Эти десять лет принесли большие перемены в быте Савелия; он женил сына и сам к концу этого срока перебрался домой на жительство. Ему наскучило, видно, таскаться по чужим местам, хотелось пожить своей волей, своим домком-хозяйством; к тому же и кости состарились, пора было на покой, на отдых. Так рассуждали его родные и соседи. Савелий, надо полагать, думал иначе. Силы его точно истратились (ему минуло уже под шестьдесят), лета ослабили его тело, но не угомонили духа и деятельности. С утра и до вечера копошился он на своем дворе, не переставал рубить, строгать, плести плетни, и ни на минуту престарелые руки его не остались праздными. Но, оказалось, не по душе, не по призычке были старику такие мелкие, мирные занятия; он словно скучал, ел мало, нигде не находил себе места. В свободное время, а такого было теперь много (он считался уже затяглым, один Петр сидел на оброке и платил пятнадцать целковых), в свободное время старик отправлялся обыкновенно к ручью, который огибал луговой скат села, где была церковь, извивался по долине и падал в речку. При этом впадении, когда-то в давние времена, находилась маленькая колотовка; от нее оставались теперь только старые ветлы. Прогулки старика повторялись чаще и чаще. Ни один человек, даже сын и сноха, не подозревали намерений старика. Вскоре все объяснилось; как домашние, так и посторонние узнали, что Савелий был у помещика, предложил ему выстроить на свой собственный счет мельницу, где была прежняя колотовка, предлагал платить за нее вместе с сыном тридцать рублей оброку в год. Так все и ахнули. Но ахов было еще больше, когда Савелий приступил к стройке; особенно, когда заплатил за два жернова двести рублей, да за амбар еще триста.

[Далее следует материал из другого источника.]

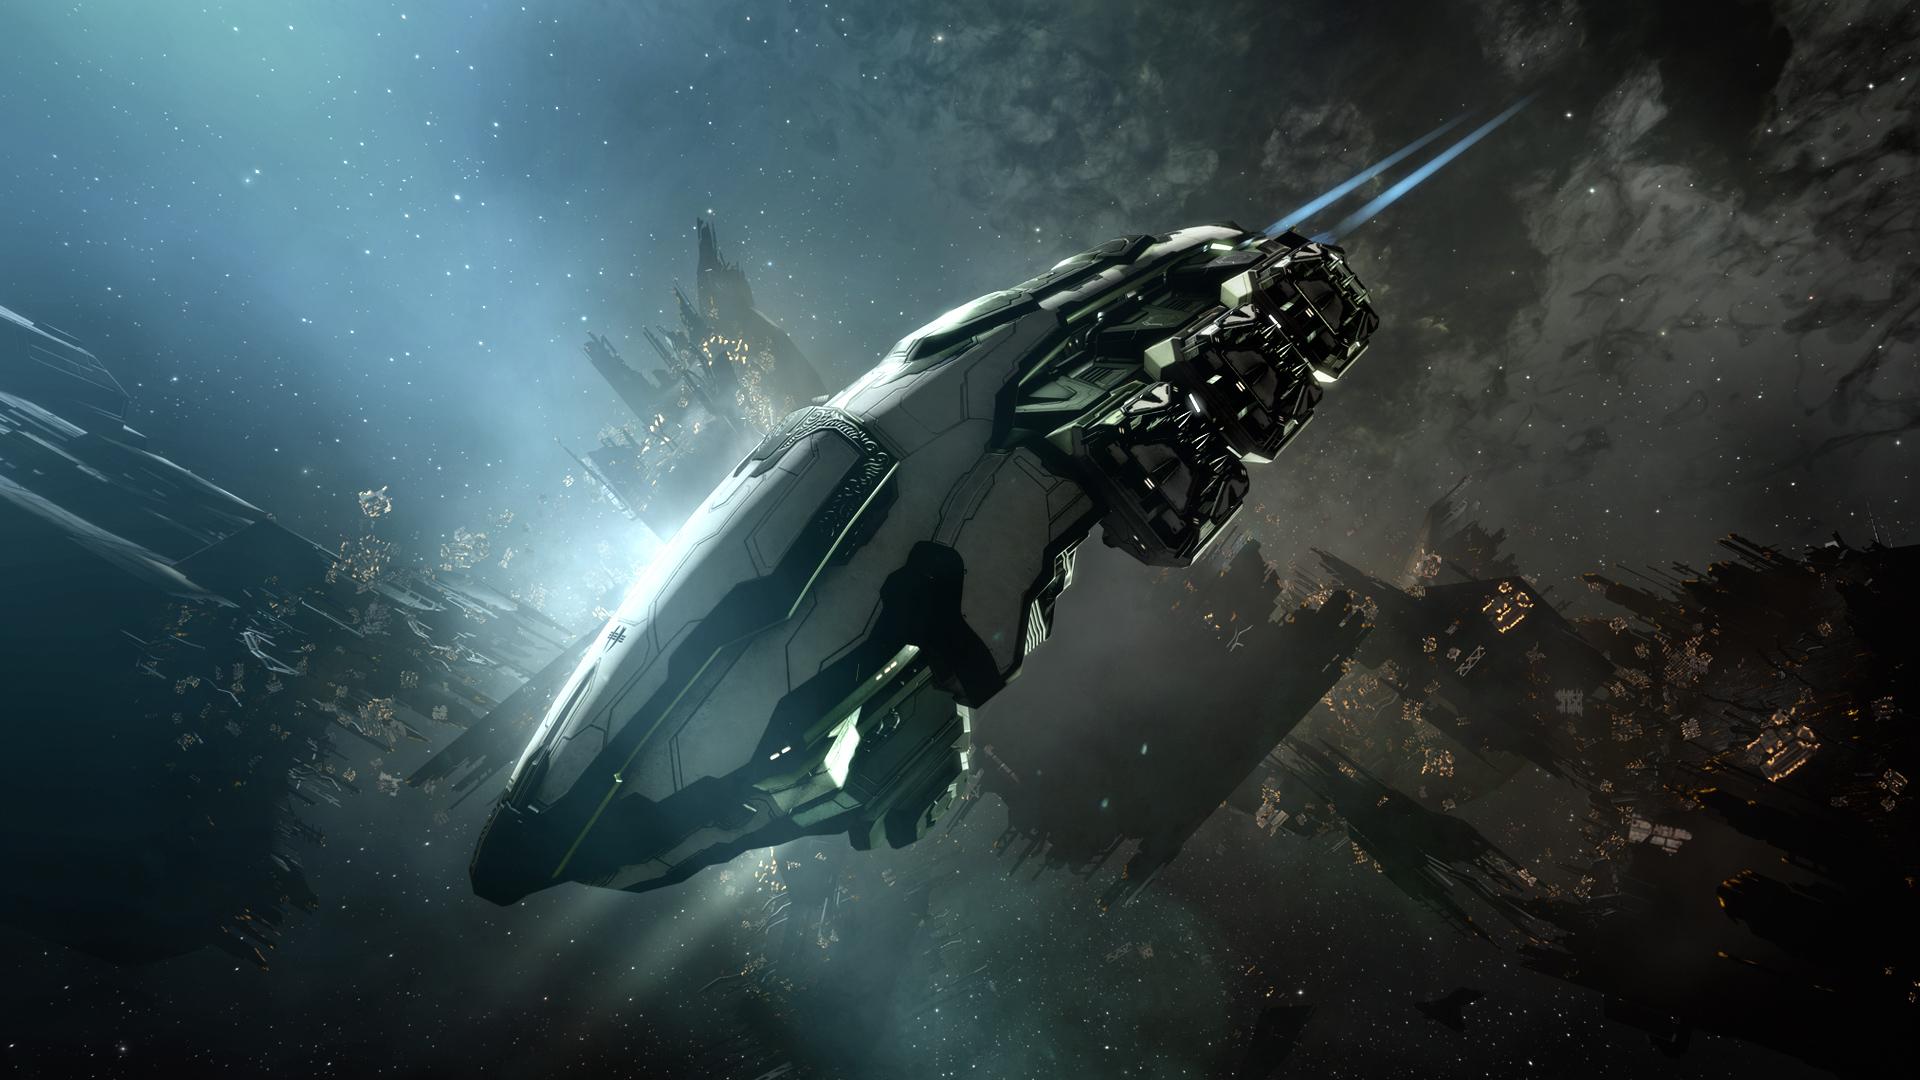 Eve online massive attack level 4 sansha

«Поди ж ты!.. – говорил народ, – кто бы подумал об этом?.. Виду ведь никакого не показывал… А денег-то, денег сколько! Шутка, капитал какой!..»
Капитал был, точно, значительный. Мельница стоила Савелию шестьсот рублей ассигнациями; но это еще не все, оставалось у него про запас еще целковых сорок. Все это, в общей сложности, представляло капитал в семьсот сорок рублей на ассигнации. Действительно, страшная сумма, если принять в соображение, что на составление ее потребовались только всего каких-нибудь десять лет! Конечно, каждая копейка этого капитала досталась потом; для добывания каждого рубля требовалось работать, не разгибая спины; но что могут значить труды сравнительно с таким огромным вознаграждением!..
Простым классом народа вообще управляет рутина; его пугают всякие нововведения: он боится идти новым путем и редко решается употребить деньги на промысел, на дело, которым не занимались отцы и деды. Соседи совсем не шутя жалели его, не шутя думали, что он рехнулся. К такому мнению немало способствовали окрестные мельники; Савелий покушался отбить у них помольцев: они досадовали и распускали насчет его предприятия самые неблагоприятные слухи, они старались даже вредить ему более действительным образом: подсылали кидать ртуть в ручей, с целью повредить плотине, которая должна была от этого просачиваться} говорили, что воды ручья недостаточно, чтобы поднять два жернова, что в весенний разлив реки вода пойдет ко двору и снесет мельницу, и прочее.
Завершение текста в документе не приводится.